Problem:
When you reach the line containing "Warcraft Sibling Meme", begin reproducing the lines exactly and continue through the end of the listing, leaving out the pictures.

──────── Information provided ────────

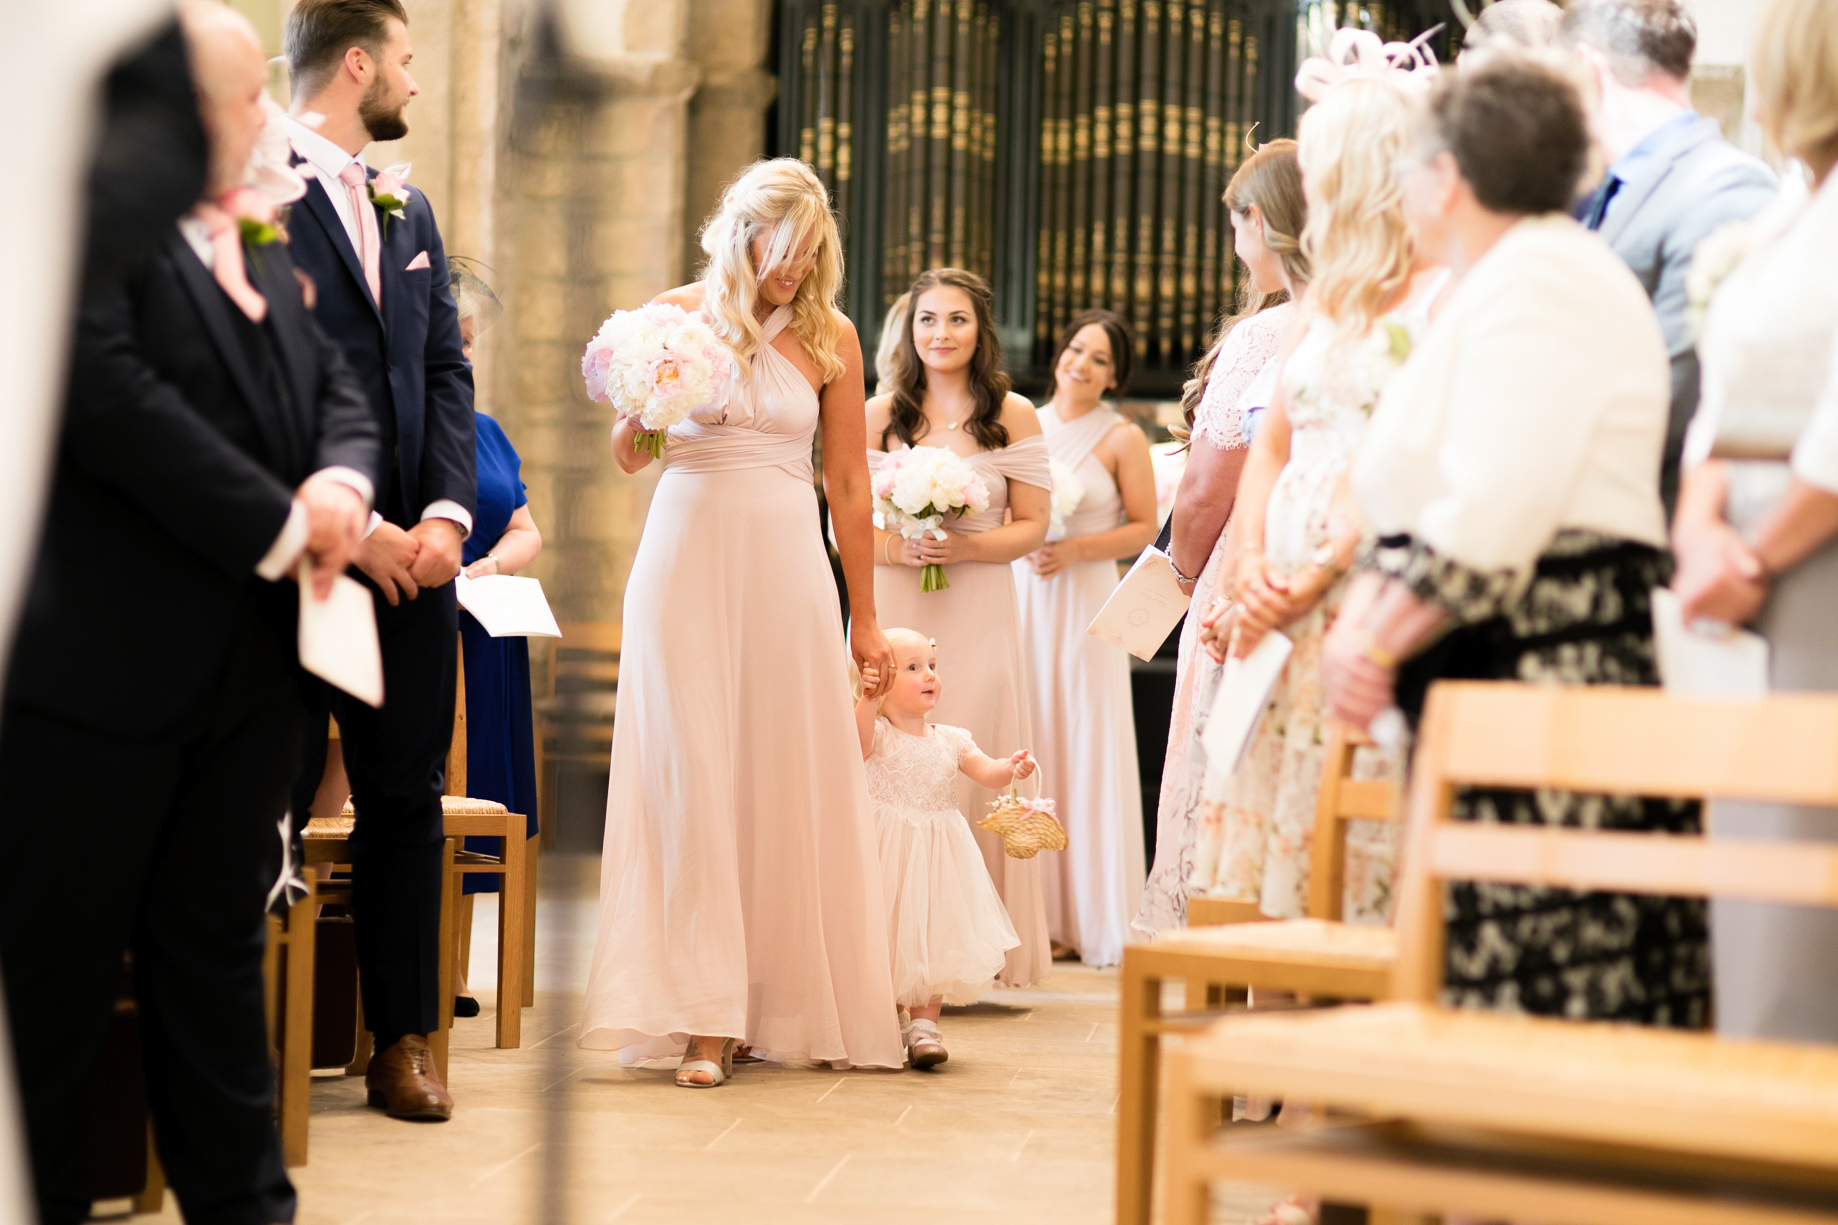 Headlam hall wedding photographer-24.jpg
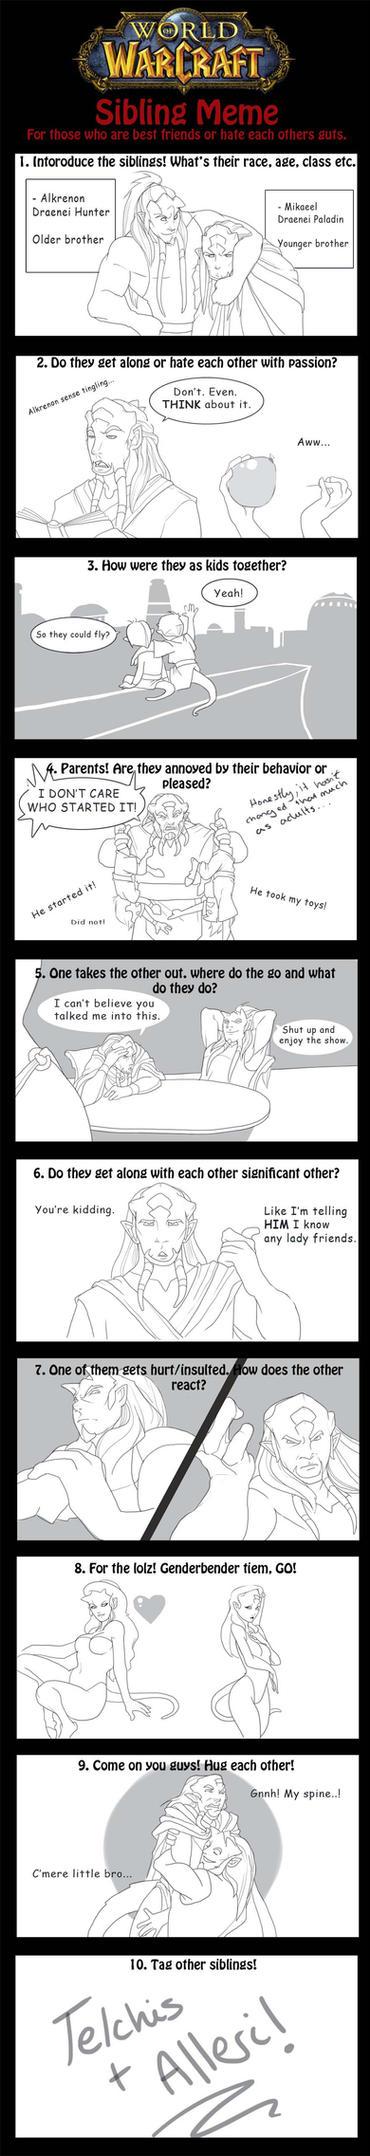 Warcraft Sibling Meme - Alkrenon and Mikaeel by Iseijin
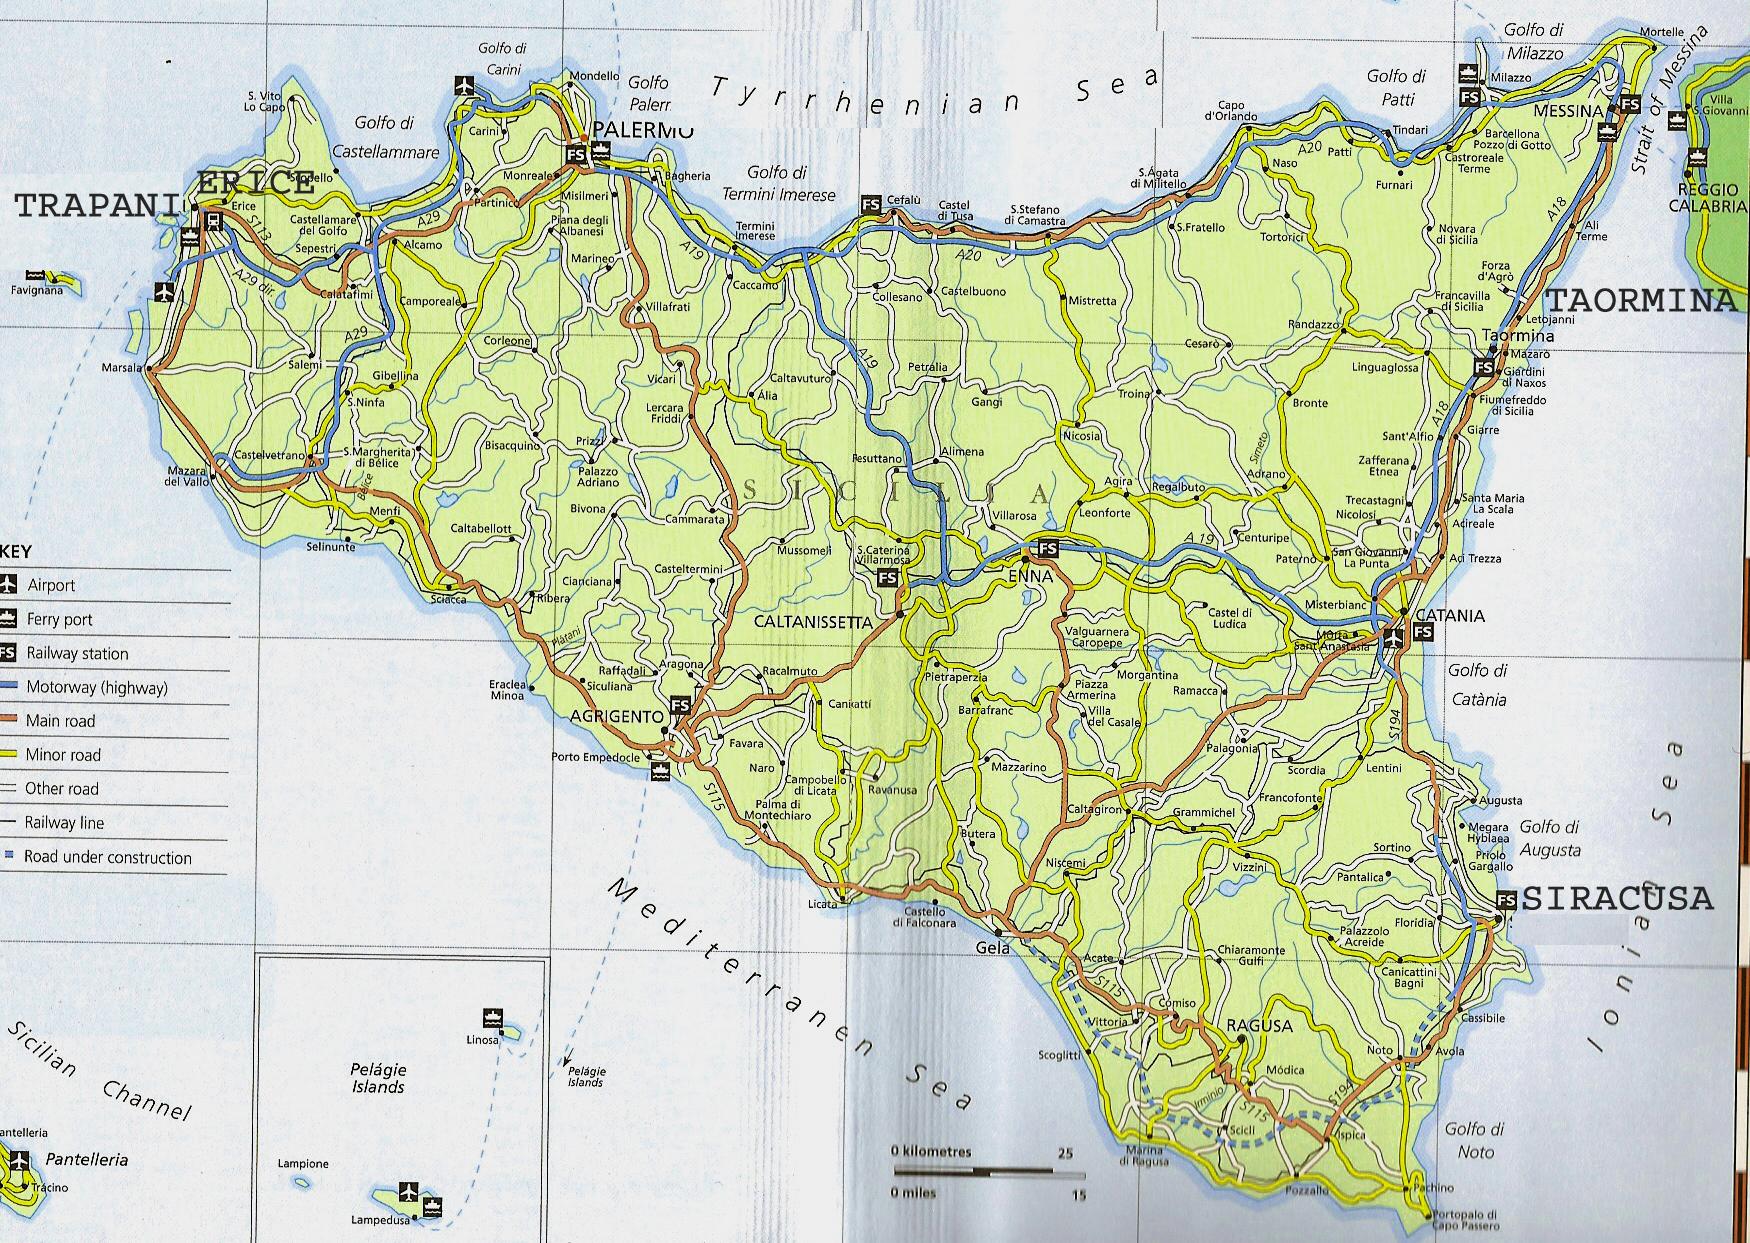 Sicily Tourist Map Sicily mappery – Sicily Tourist Map

────────

Answer to the problem:
 Warcraft Sibling Meme - Alkrenon and Mikaeel by Iseijin
 Sicily Tourist Map Sicily mappery – Sicily Tourist Map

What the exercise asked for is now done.